Spire Sports + Entertainment, which represents Askew and was among those who pushed the driver to see a doctor, noted Arrow McLaren SP did not reveal that Askew was suffering from a concussion in its Thursday announcement he would miss next week’s race.

“Oliver clearly demonstrated his talent until Lap 91 of the Indianapolis 500, and I hope this does not become another case study of why athletes do not tell their teams they are injured,” said agent Jeff Dickerson. “The reason they do that is because more often times than not they are replaced. In motorsports, there is always somebody to replace you, and whether it was Dale Jr. or Oliver Askew, there is always another driver available.

“I hope this is not a barrier to progress for other drivers — especially young drivers afraid of losing their job — to notify their teams they are hurt. I hope the team proves me wrong because the good news is, the kid has had a head injury for the past month and has still run 14th in IndyCar.”

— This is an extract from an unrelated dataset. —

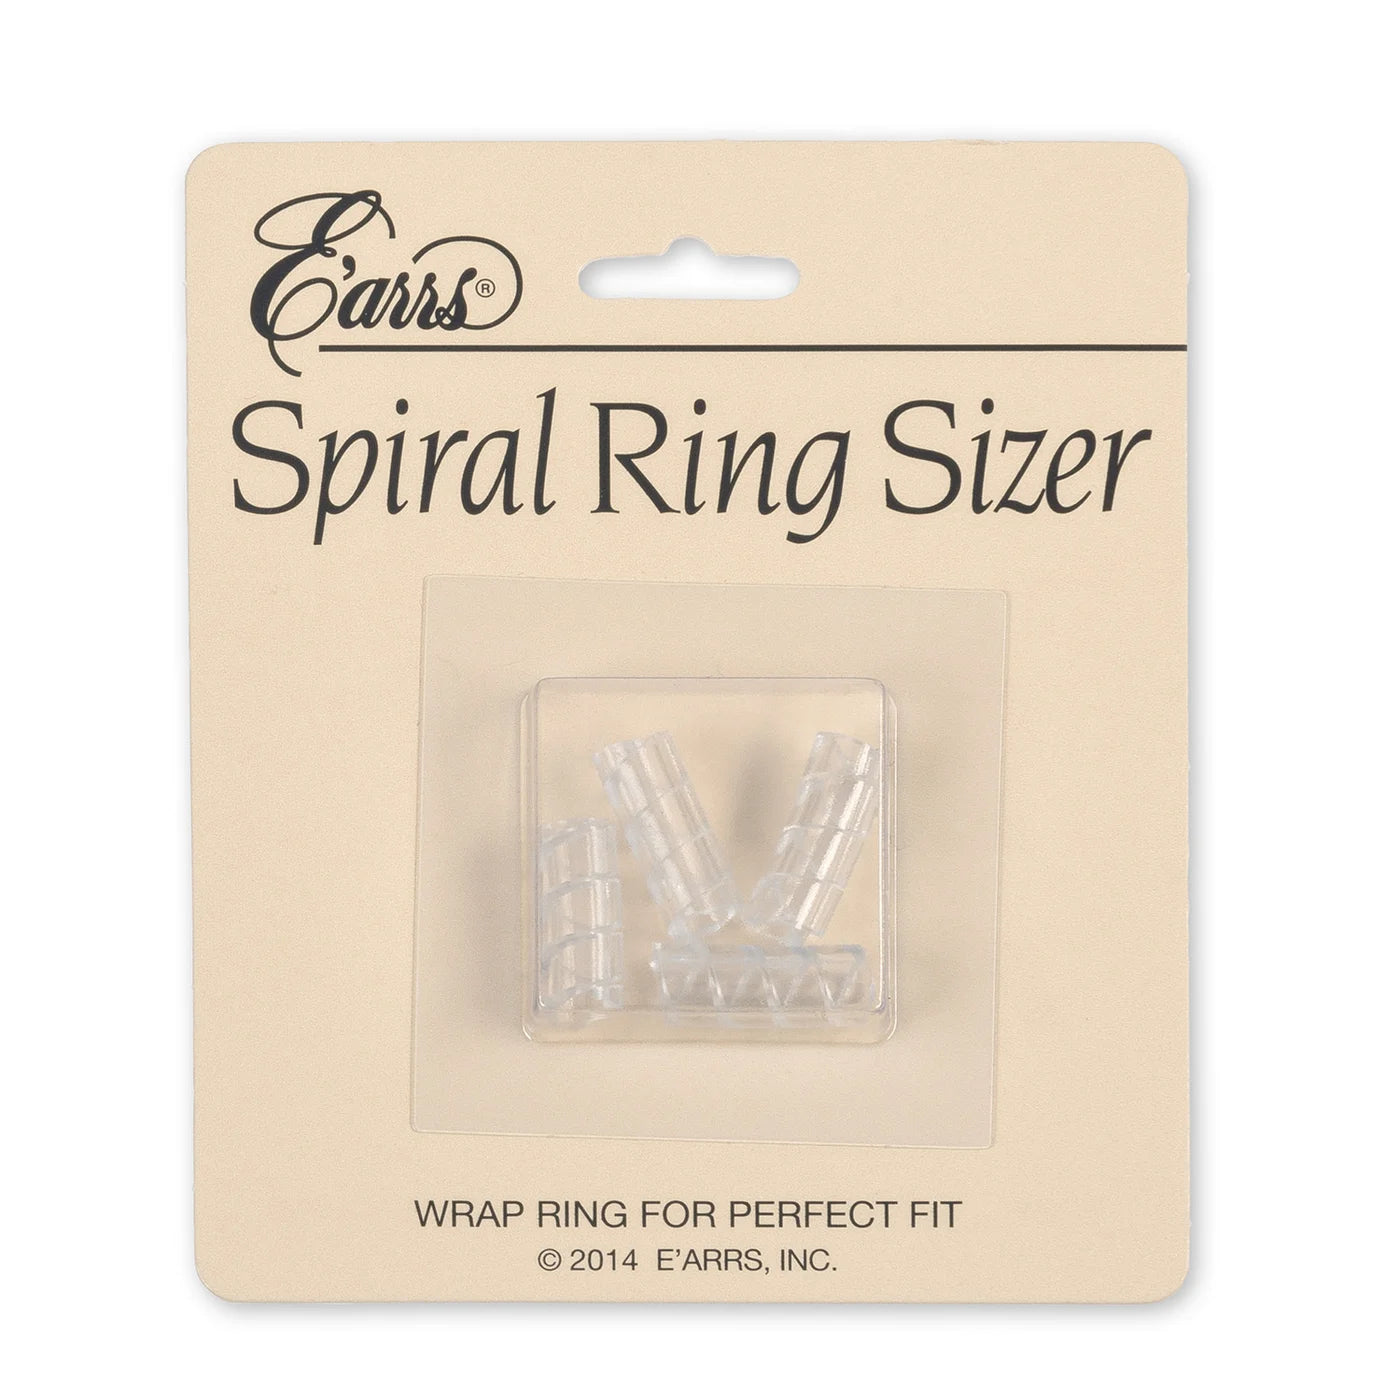 Howard's Spiral Ring Sizer

After finally seeking medical treatment, Askew said he was relieved to learn there was something wrong. He said doctors told him the injury has a “100% recovery rate” and he believes he will be able to race in the IndyCar season finale next month at St. Petersburg. He’s been rehabilitating with exercises and tasks that strain the brain such as deliberately going to grocery stores and the airport.

“Honestly, you know, if I had not gone to see medical professionals I would probably stay in the car,” Askew said. “But now after hearing what’s wrong and that it could get worse, God forbid I have another hit, I know I did the right thing. I think I can be an example for young drivers now in stepping up and saying something is wrong, I need to have this checked out.”